In hindsight, Dairy Australia’s Dairy Situation and Outlook – October 2015 report’s cautious tone in relation in the season’s opening milk price (of $5.60 per kg of milk solids) has proven all too justified; continued weakness in international milk prices “defied” volume growth in global milk production, and a so-called “supply-side adjustment” was needed (at some time) in order to restore balance to market fundamentals. For Australian dairy farmers, the report warned that milk processors were flagging the possibility of a “step down” in FY16 milk prices, yet national milk production would increase by 2% to around 10 billion litres.
Fast-forward seven months to May 2016 and the “supply-side adjustment” has arrived. Dairy Australia is now actively encouraging dairy farmers to take stock of their pasture, herd and financial situation given current uncertainty around seasonal conditions and milk pricing.
In this edition of the Agribusiness Bulletin, we take a closer look at the potential impact on Tasmania’s dairy industry and an overview of some of the financial assistance packages offered by milk processors.

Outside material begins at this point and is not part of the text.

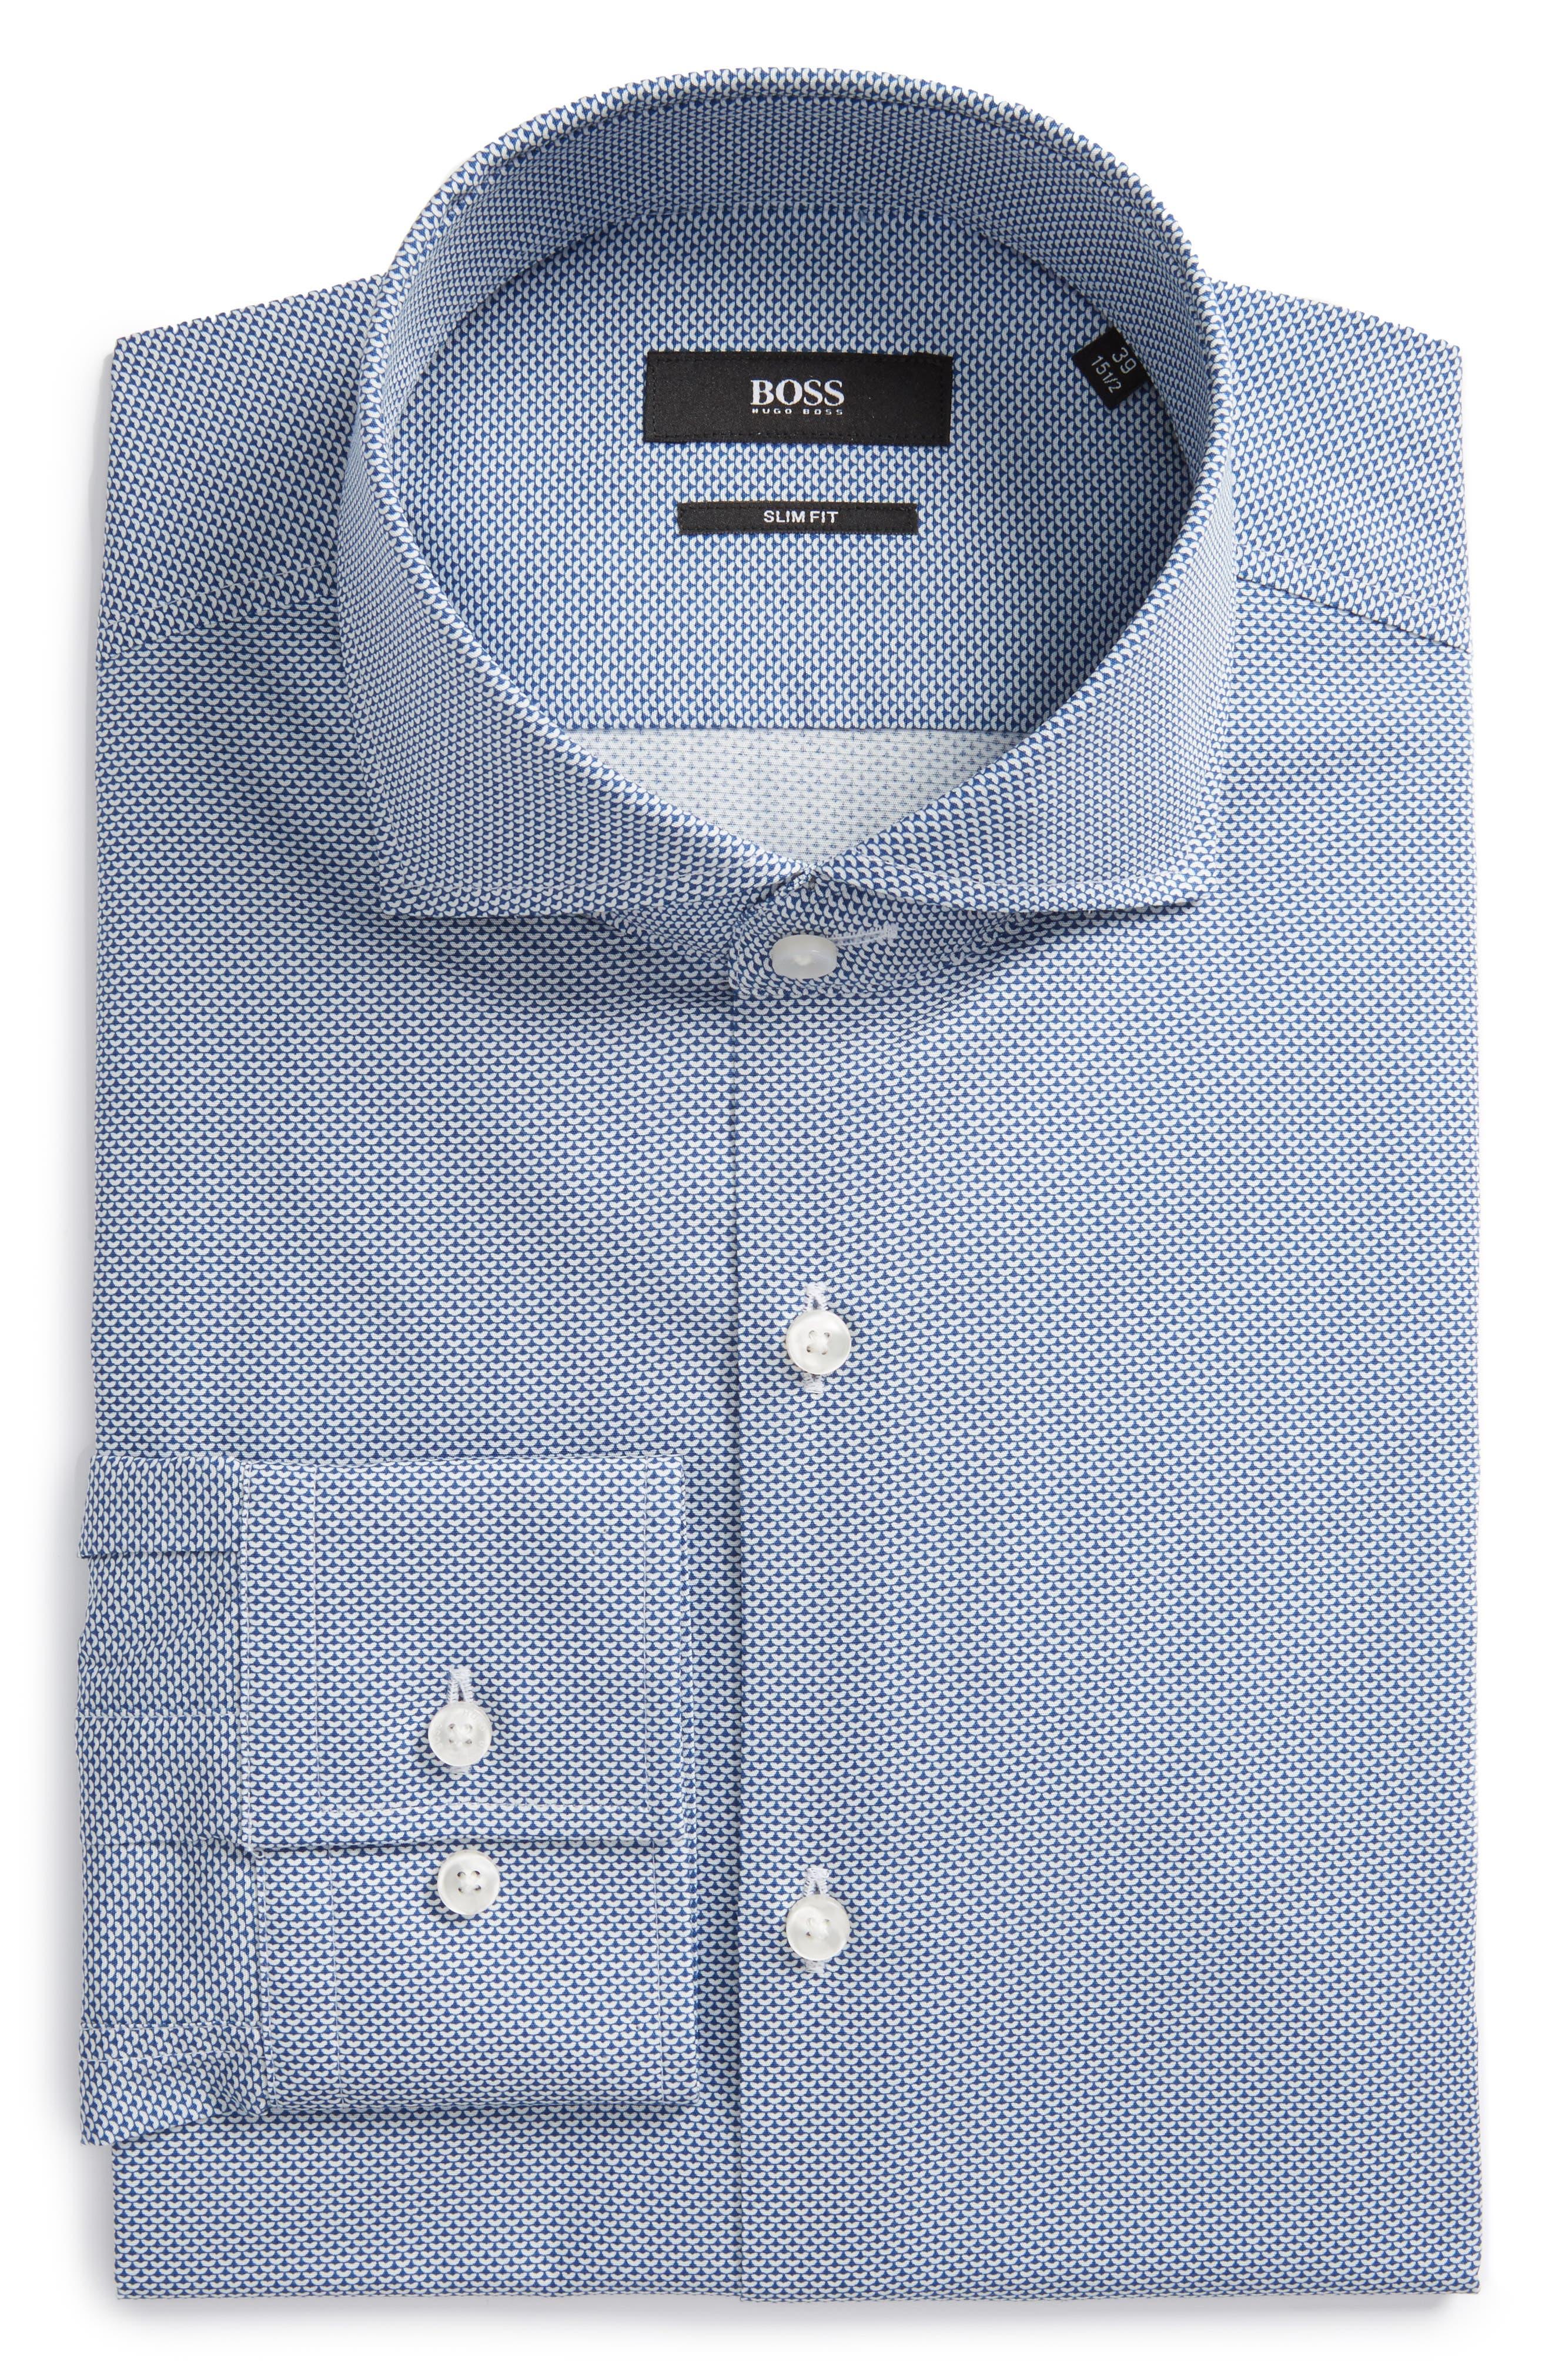 Jason Slim Fit Print Dress Shirt,                         Main,                         color,

Tasmanian dairies produced over nine percent of the nation’s milk. 2015-16 has been a challenging year for many dairy farmers in the state with exceptional dry and warmer conditions. Many farmers have experienced water restrictions and lack of feed1. With recent announcements in relation to milk prices, outlined below, it is likely that 2016-17 will be tougher again.
Approximately 18,901 square kilometres of land in Tasmania is classified as agricultural land, around 28%, most of this is in the north and east of the state. There are approximately 440 dairy farms in Tasmania directly employing 1,500 in the farm sector and 1,200 in the processing sector2. The value of agricultural income for the state in 2014-15 was $1.4 billion, of which nearly $450 million was generated from the dairy sector.

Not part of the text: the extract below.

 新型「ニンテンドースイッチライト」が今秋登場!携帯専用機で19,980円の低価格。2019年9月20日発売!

The cash income for Tasmanian dairy farms in 2014-2015 decreased from an average of $238,130 in 2013-2014 to $221,800. Although farmers saw an increase of 11% in average volume milk production, this increase was not sufficient to offset lower prices per litre received for milk and an increase in farm costs, particularly expenditure for feed.
ABARES projects that 2015-2016 farm cash income of the Tasmanian dairy industry will see a further decline to an average of $132,000 per farm. This decrease is around 50% on incomes just two years earlier and falling back below the 10 year average (to 2015-2016) income level. This reflects the effects of lower forecast milk prices and even further increases in feed costs as a result of drier seasonal conditions already experienced this calendar year3.